Content starts

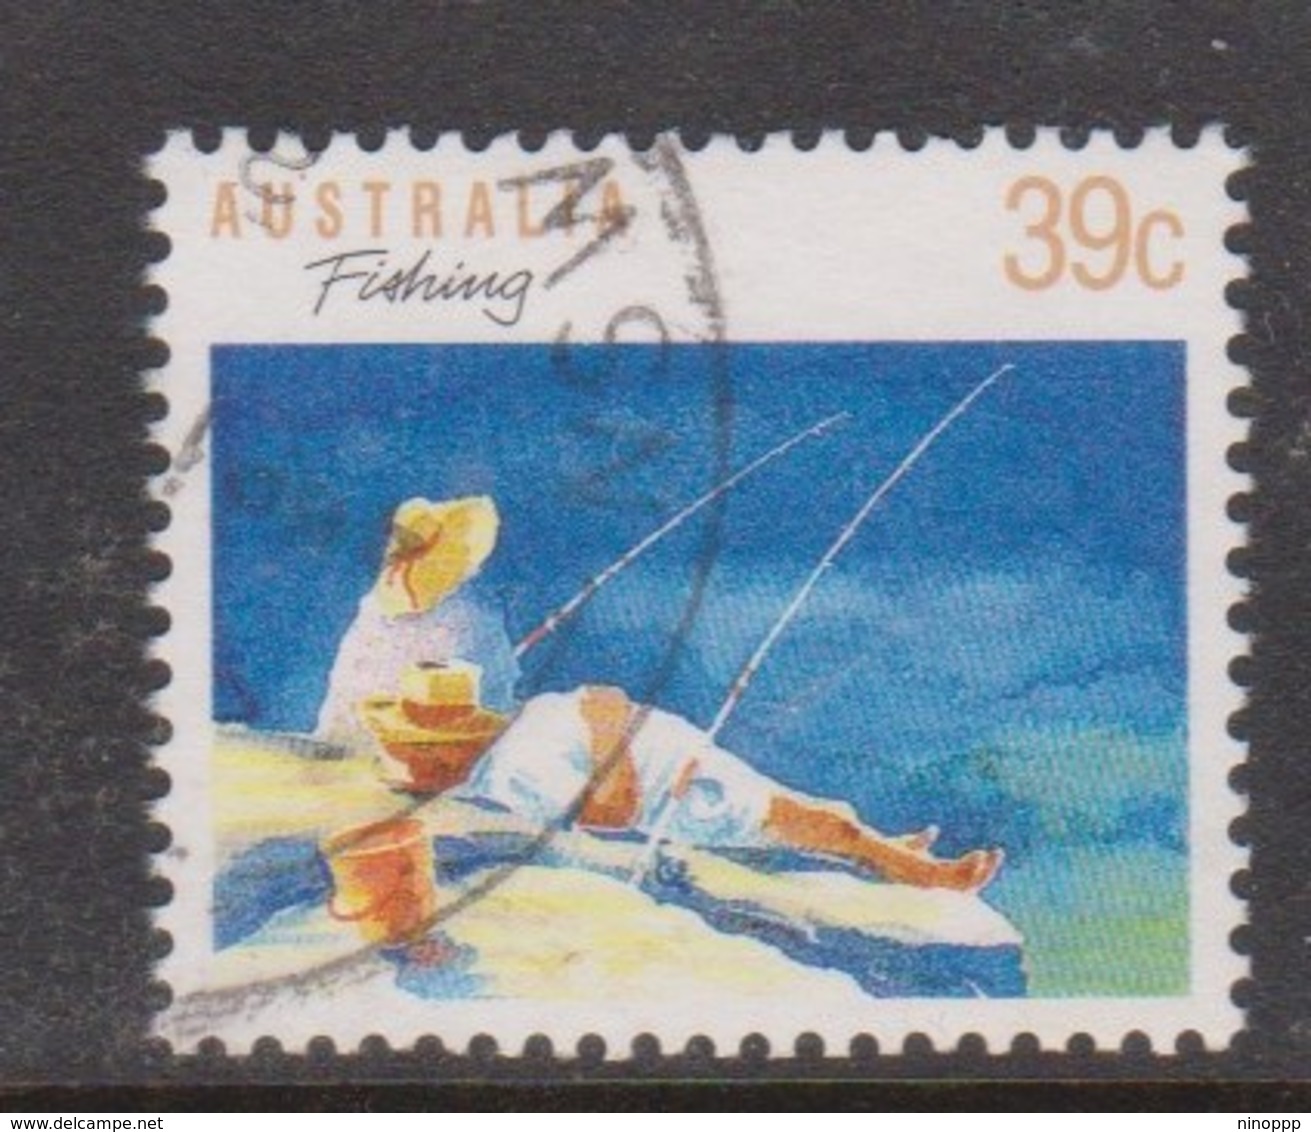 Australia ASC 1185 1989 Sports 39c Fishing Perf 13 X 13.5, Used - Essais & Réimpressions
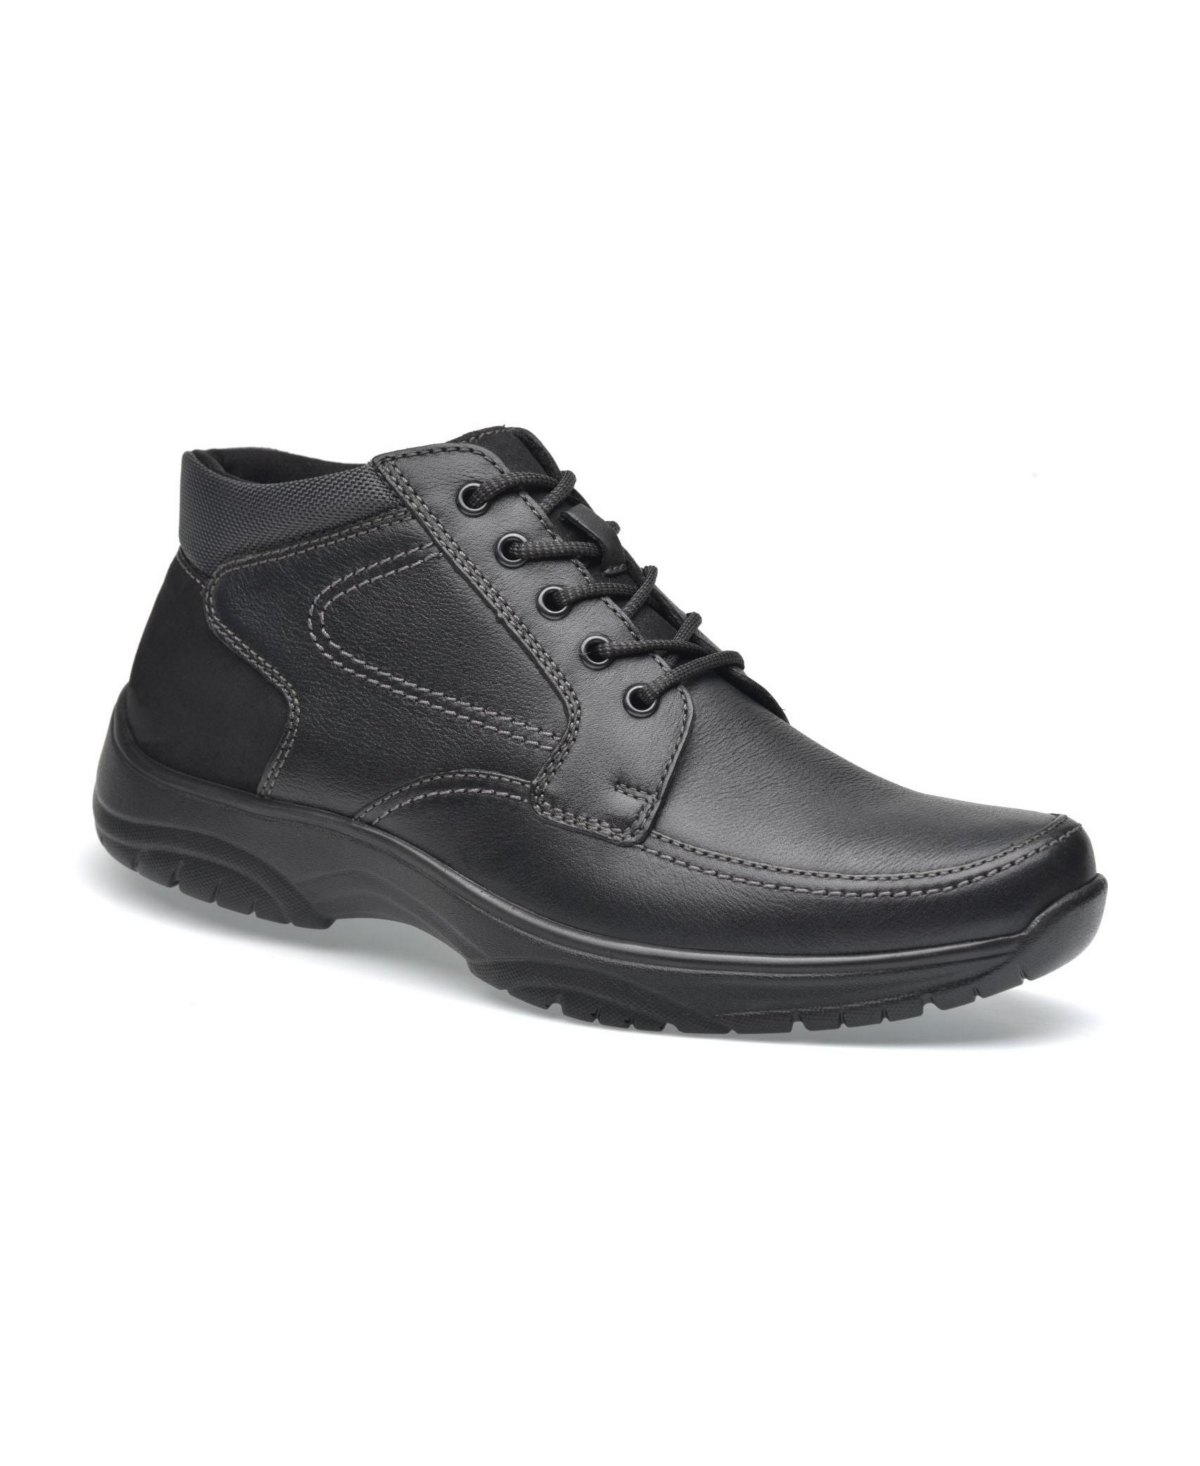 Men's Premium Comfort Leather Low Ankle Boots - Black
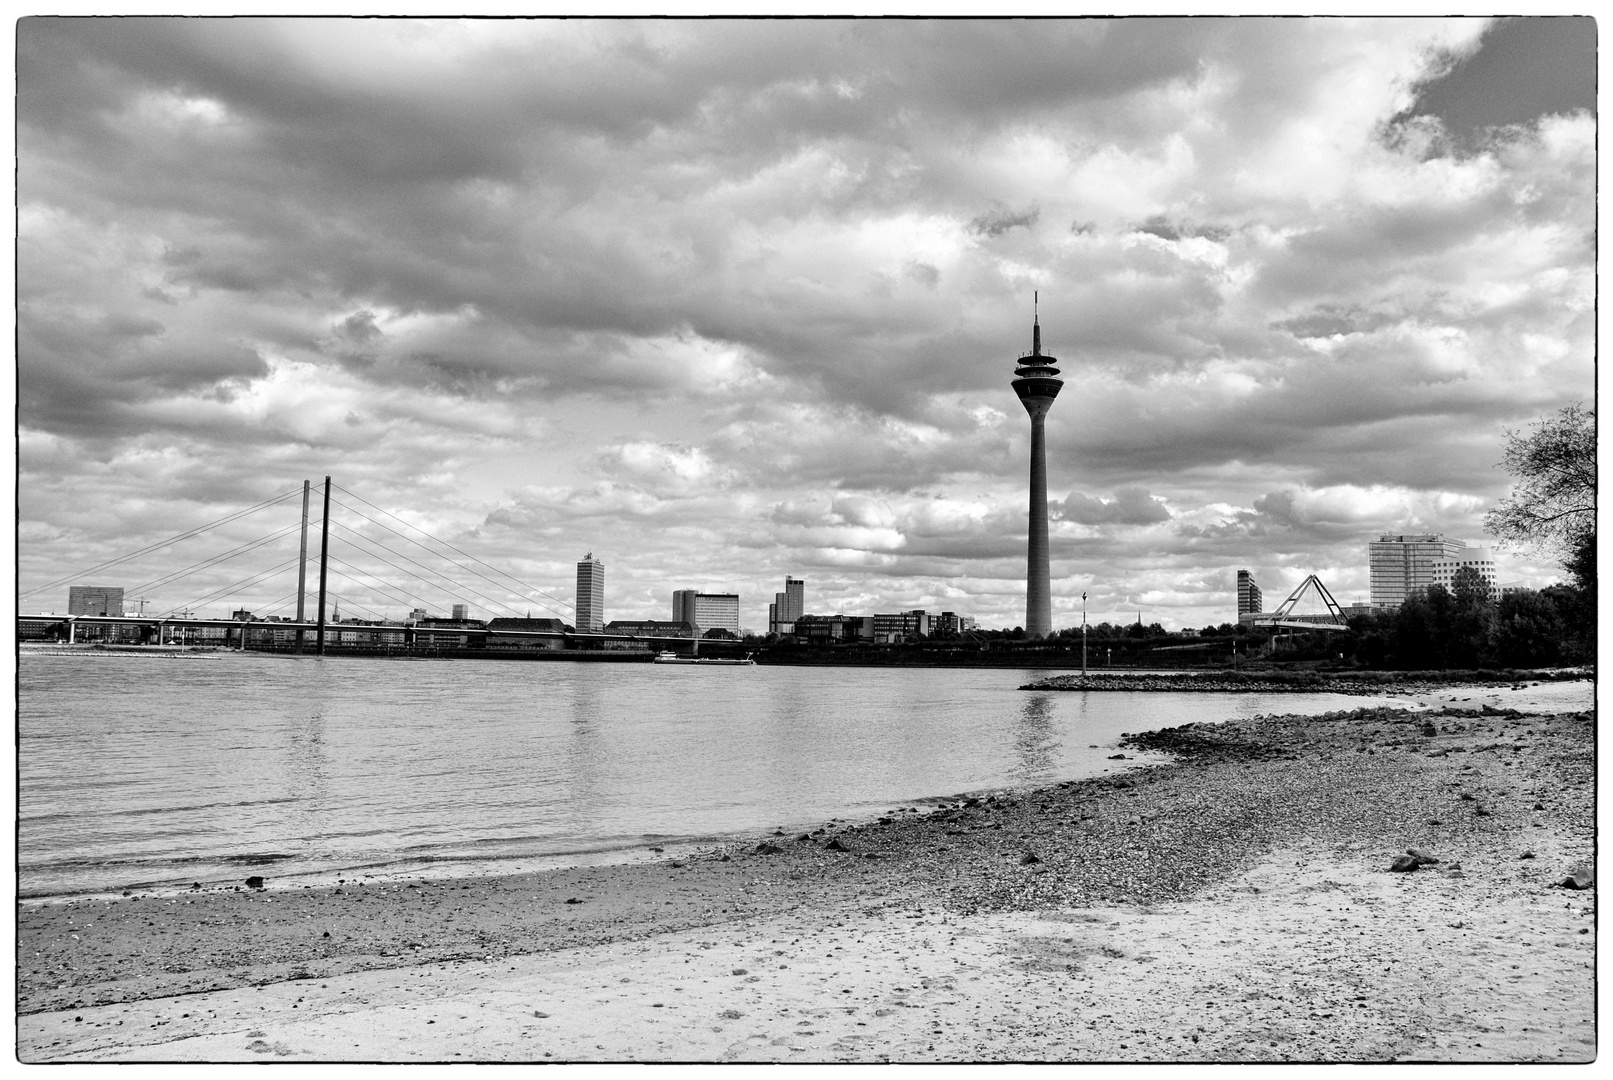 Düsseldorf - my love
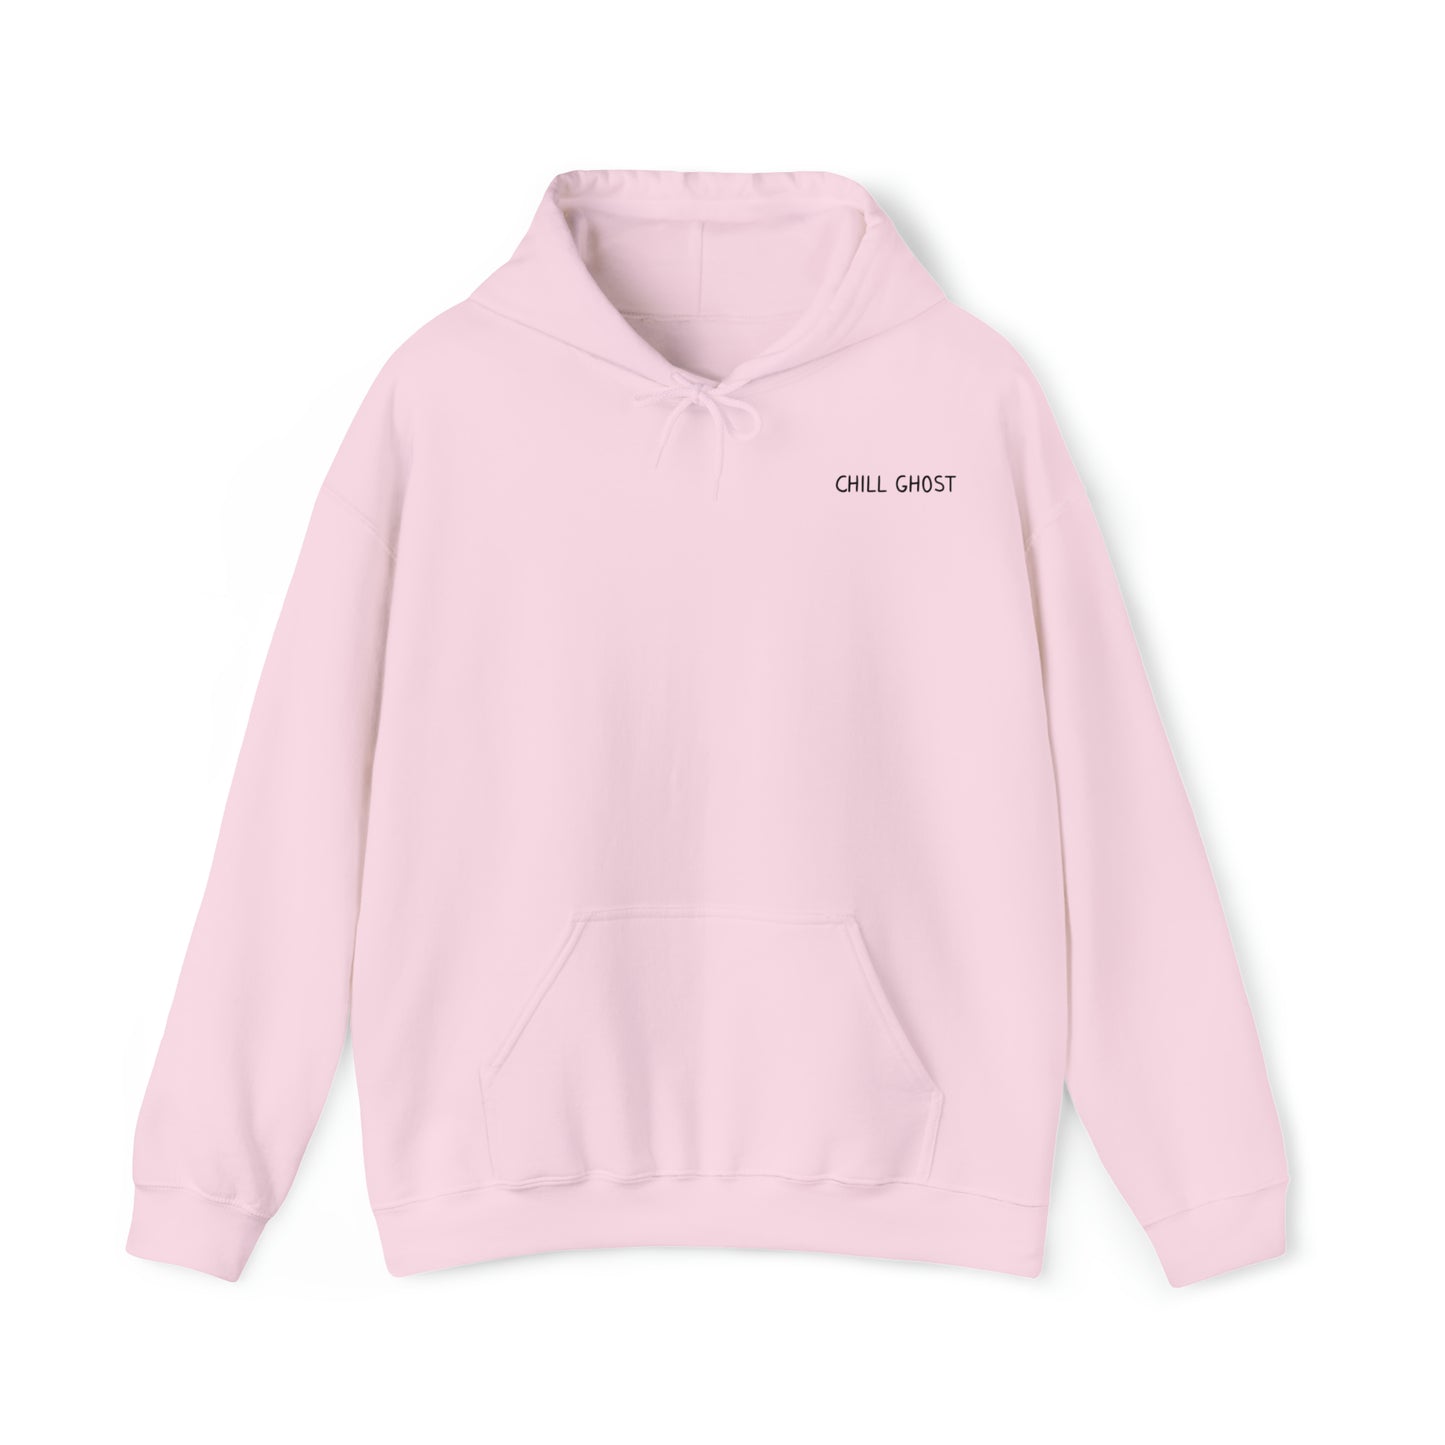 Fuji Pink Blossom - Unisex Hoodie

Content ends

From the line containing "Men's Premium Comfort" through the last line of the material above, write out each line exactly, leaving aside all pictures.

■ **Exercise answer**:
 Men's Premium Comfort Leather Low Ankle Boots - Black
 Düsseldorf - my love
 Fuji Pink Blossom - Unisex Hoodie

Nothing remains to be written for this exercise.